Sheila spürte, wie ihr die Tränen ins Gesicht schossen. So lange hatte sie sich nun um die Zwei gekümmert, und sie waren ihr ans Herz gewachsen. Und jetzt sollte alles vorbei sein? Alles? Jennifers Blick trübte sich auch und sie fragte zaghaft: "Ihr wollt uns für immer verlassen?" Anemonius Augen blinzelten und er musste eine Weile überlegen, ehe er sagte: "Als der Kampf tobte, habe ich Tamira befohlen, euch zu Herrschern über Emanon zu machen, wenn ich es nicht überlebt hätte. Ihr habt mir einen so großen Dienst erwiesen, sodass ich gezwungen bin, euch noch etwas Gutes zu tun; ich habe beschlossen, eine Suche auf den verschwundenen Sasayaku abzusetzen. Und ihn euch zu übergeben, wenn wir ihn finden. Außerdem erkläre ich euch hiermit zu den Verwaltern Emanons in der Menschenwelt und gewähre euch jeglichen Zutritt zu unserer Welt. Ihr sollt unter uns bekannt sein wie ich und meine Gefährtin und jedes Tier soll euch dienen. Und... ich möchte von nun an mehr Zeit mit Tamira verbringen, deshalb ernenne ich sie zur Königin!" Der große Bussard hob vorsichtig seinen Schnabel und rieb ihn an Tamiras Wange. Dann flatterte er auf und rief: "Lebt wohl!"

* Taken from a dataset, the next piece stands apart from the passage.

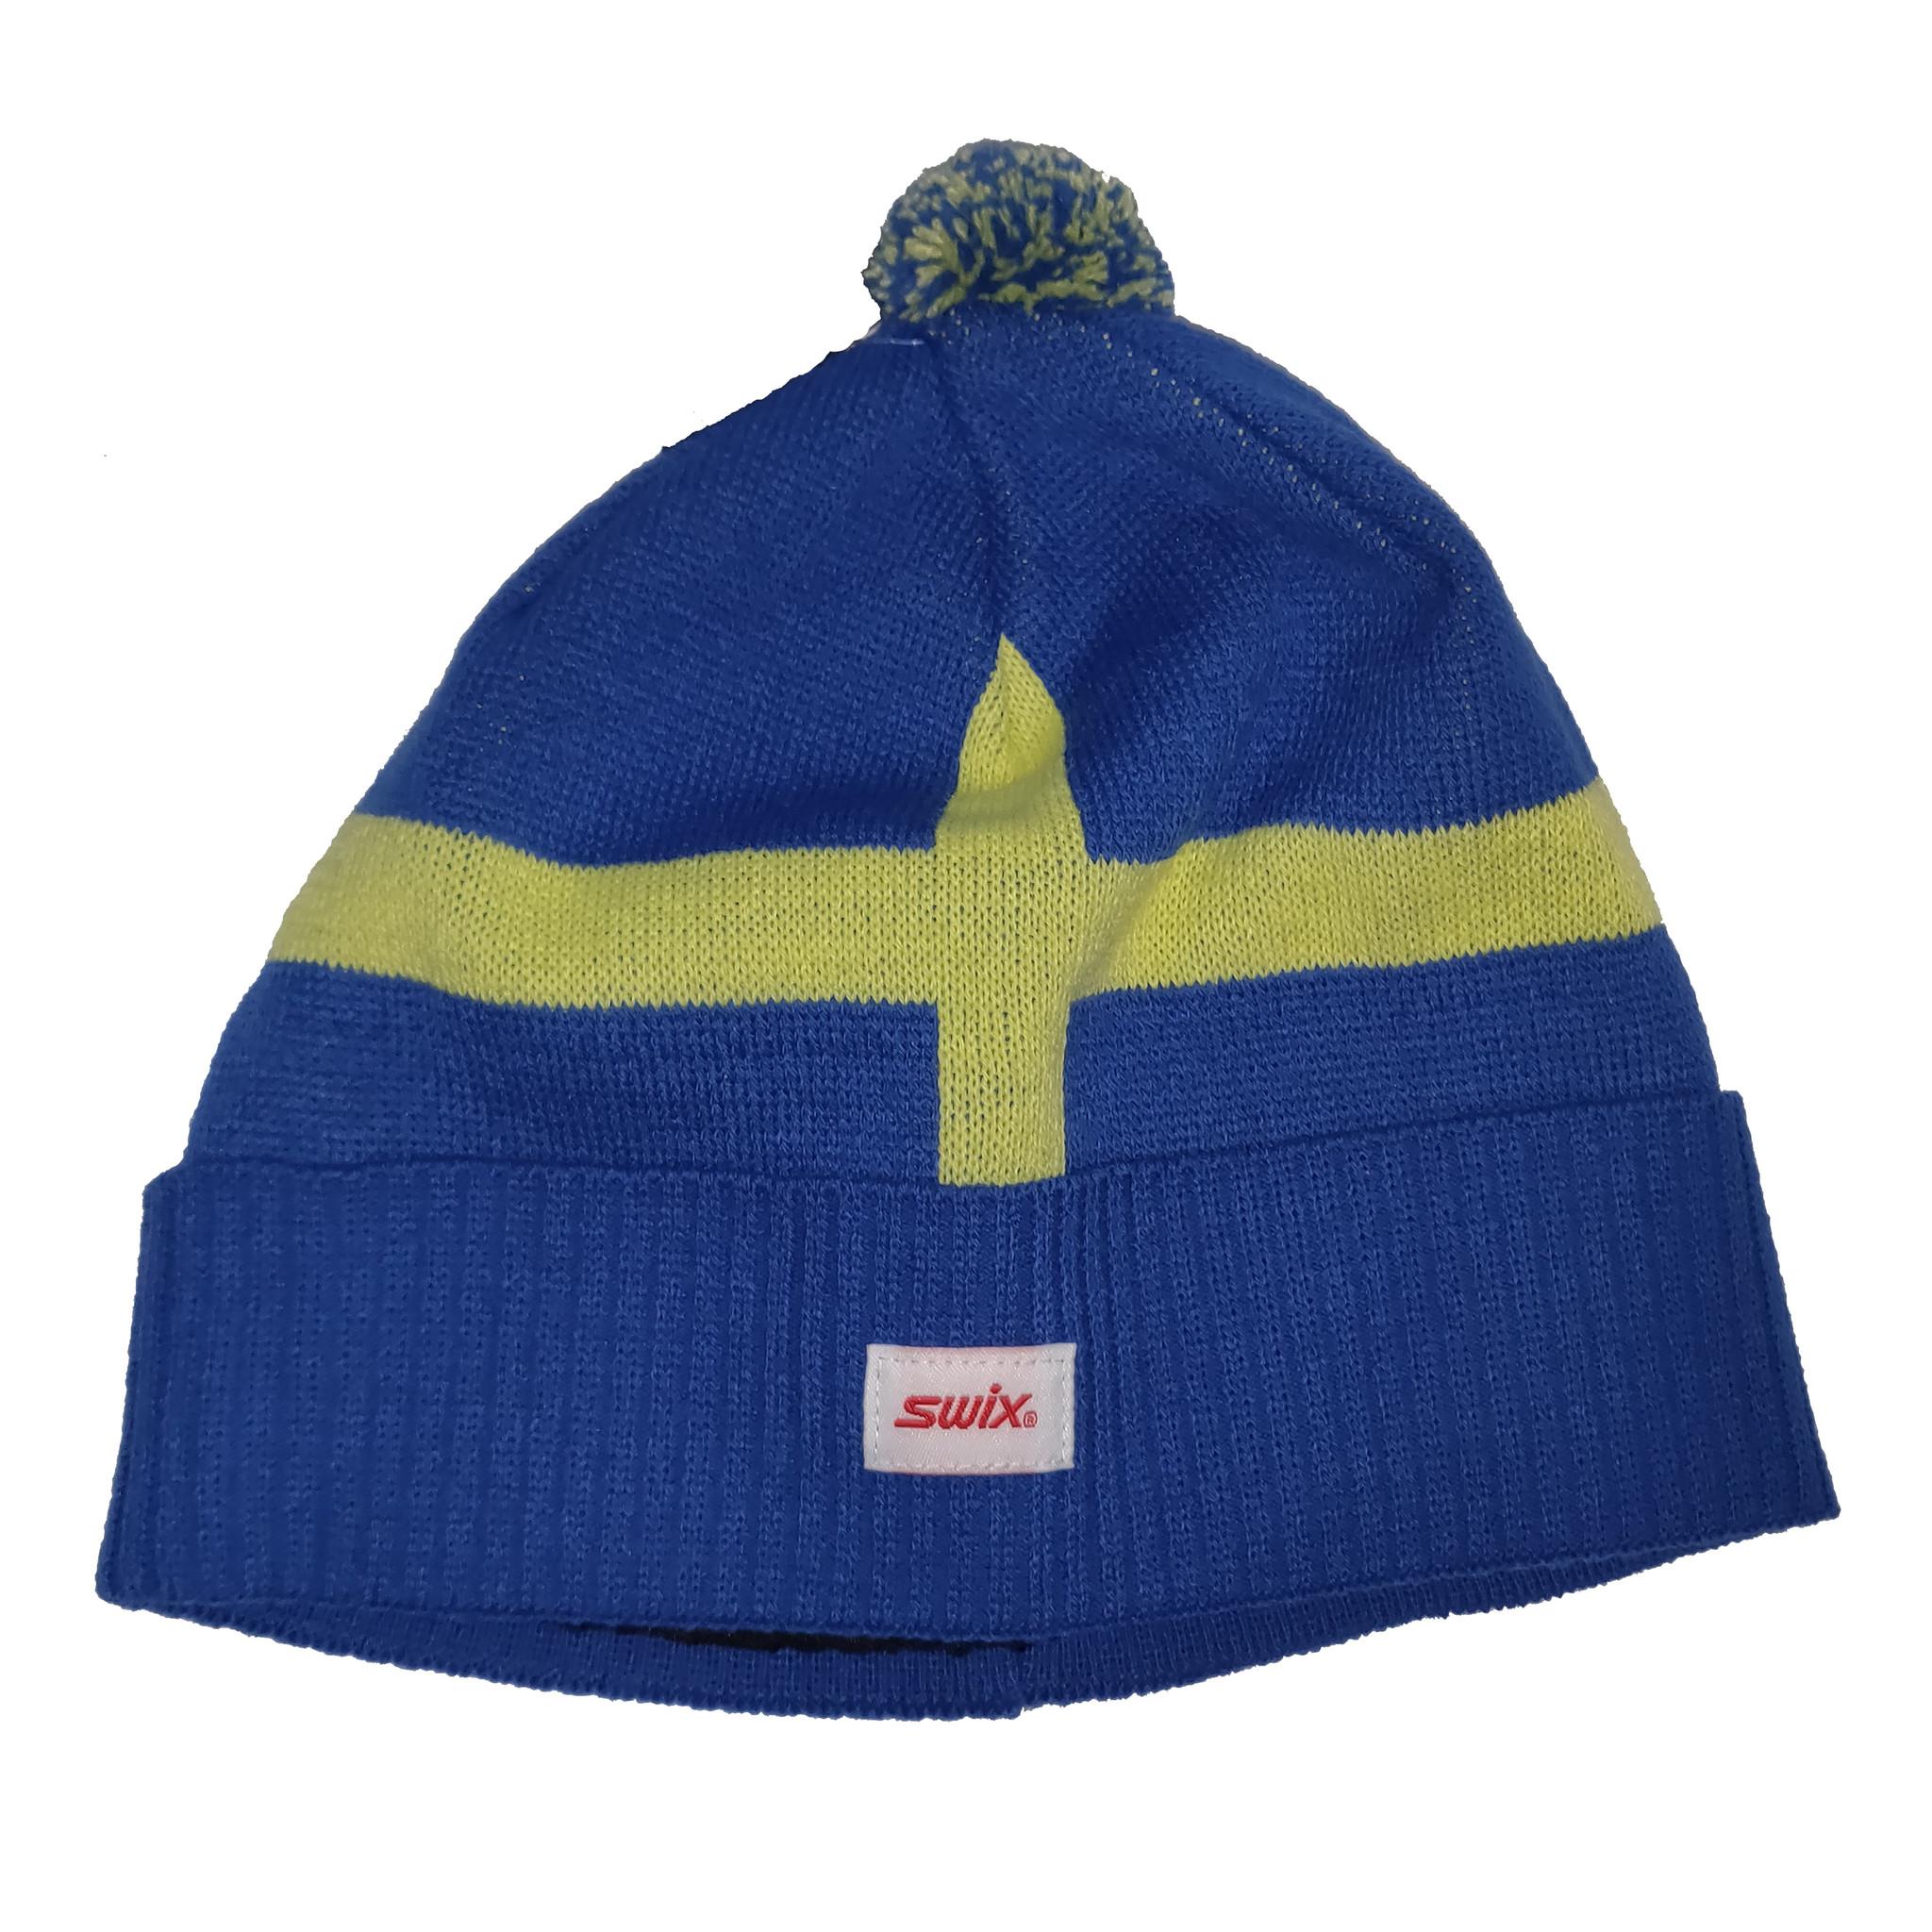 Swix Sweden Pom Hat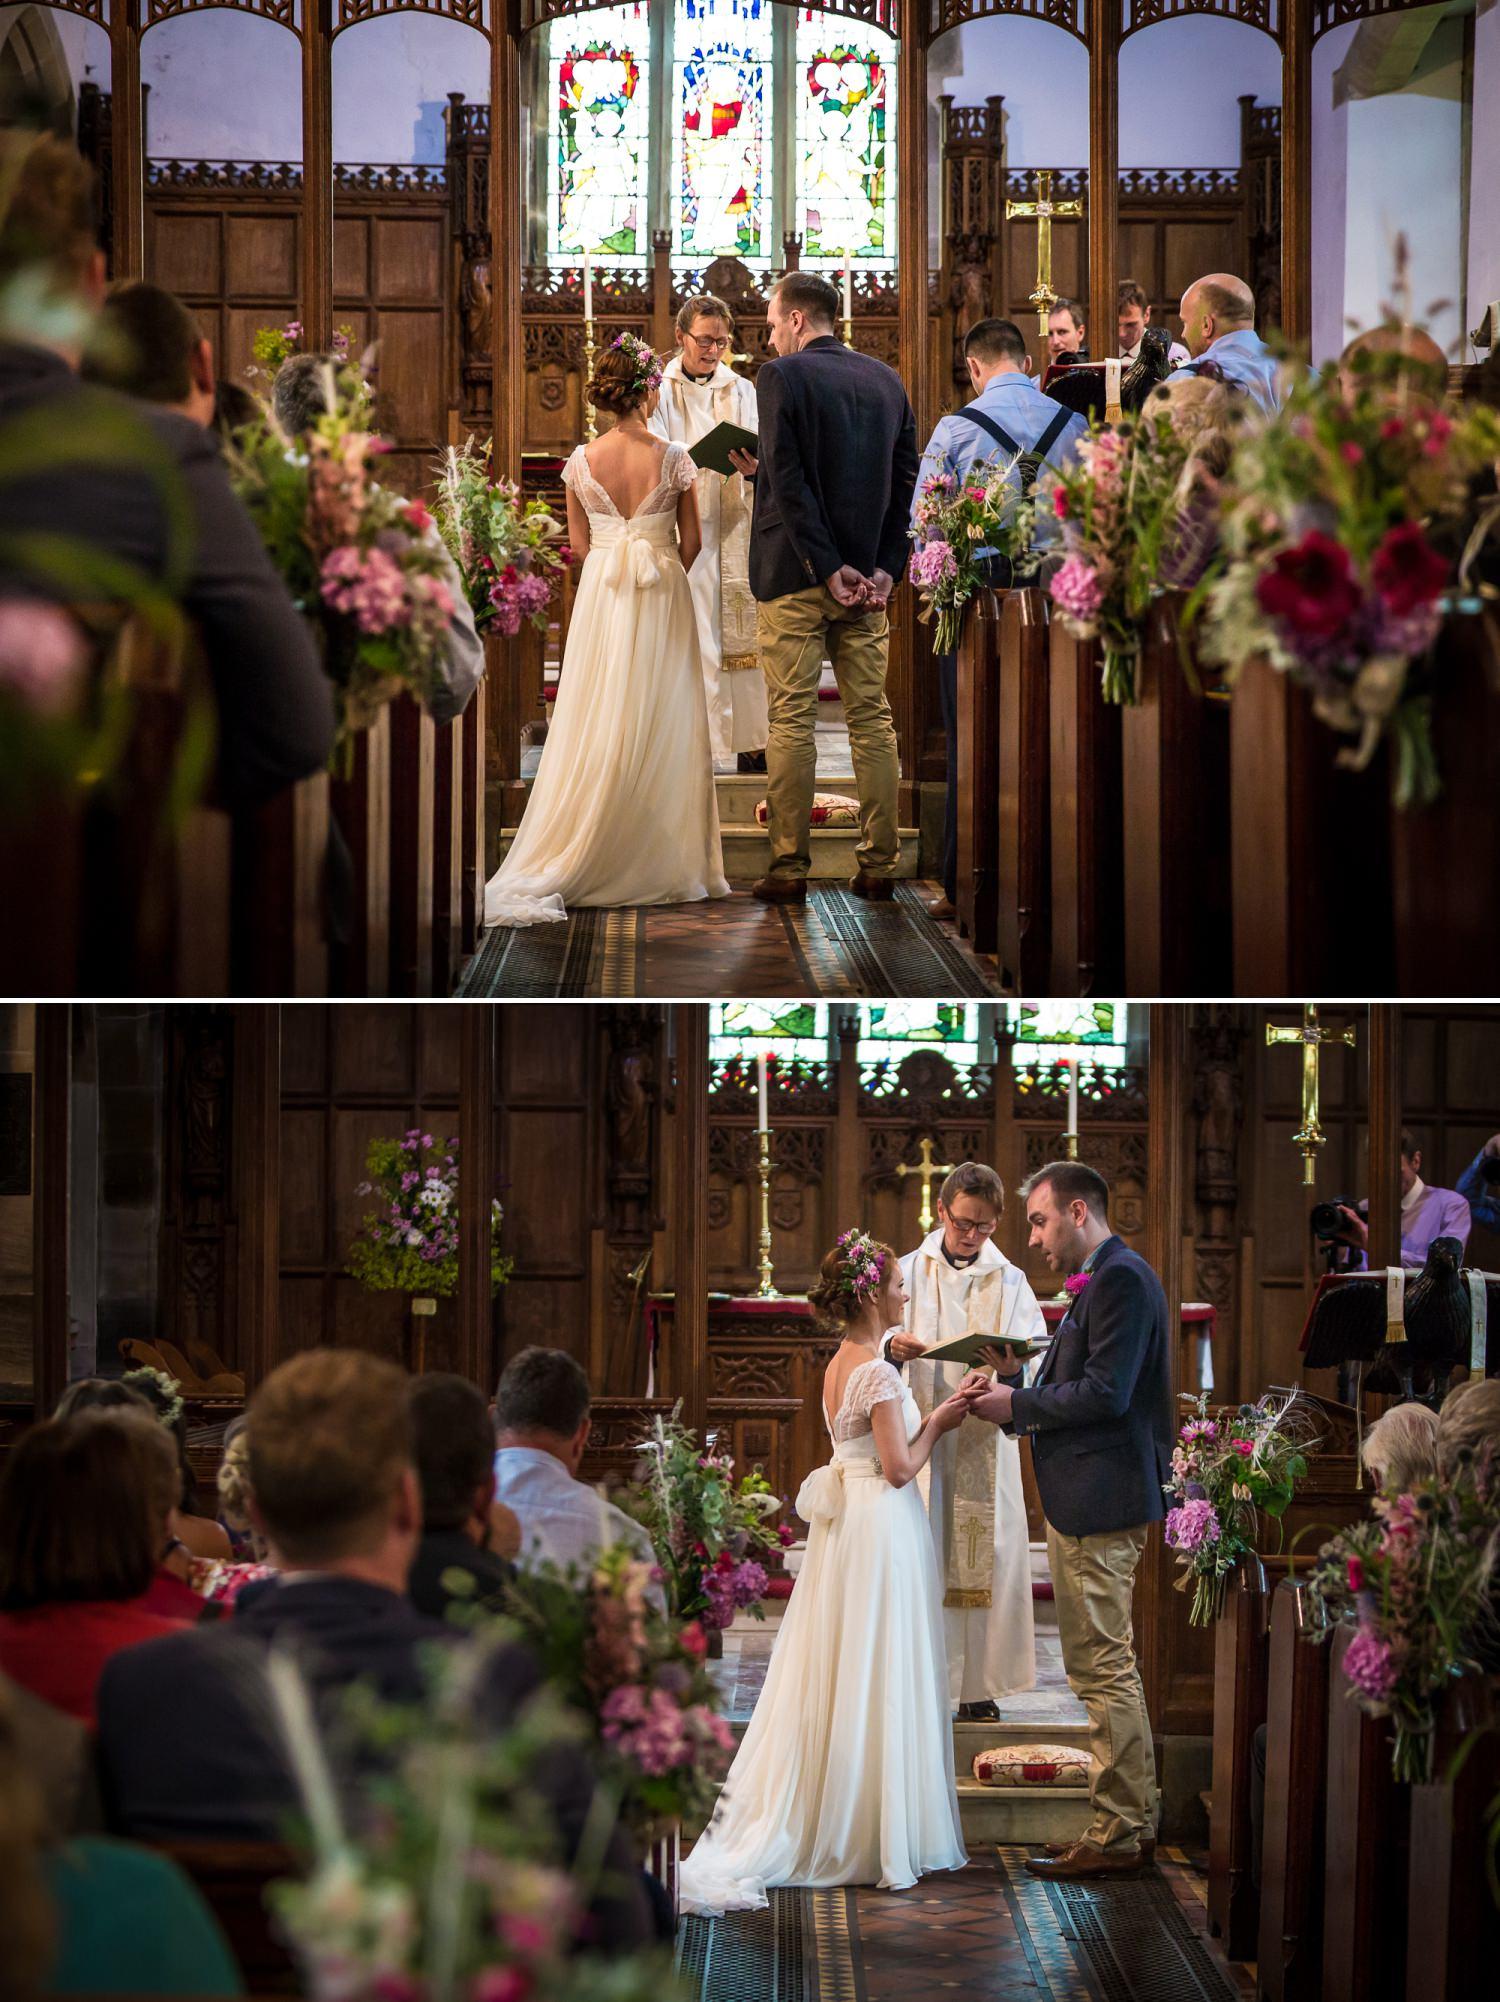 Wedding photographer Plas Isaf

Mit diesen letzten Worten erhob sich auch Tamira und beide segelten majestätisch in den gerade erst anbrechenden Tag hinaus. Sheila stürzte eilig zum Fenster und starrte mit glasigen Augen auf die zwei königlichen Gestalten, die langsam zwischen den Bäumen verschwanden. Eine Träne rollte ihr über die Wange. Dann spürte sie ihre Mutter neben sich. Auch sie blickte gerührt den Vögeln nach. Sheila umarmte sie und flüsterte. "Mutti, sie haben versprochen, Ivan zu suchen. Und wir werden sie wiedersehen, bestimmt!" Ihre Mutter seufzte schwer und schloss Sheila nun auch in die Arme. Sheila schluckte einen Kloß Tränen hinunter, bevor sie murmelte: "Weißt du was? Wir brechen auf und suchen Ivan, so wie ihr mich gesucht habt! Denn nun haben wir Millionen Tiere, die uns unterstützen werden!" Damit vergrub sie ihren Kopf in Jennifers Schulter und spürte nur noch das leichte Lächeln ihrer Mutter.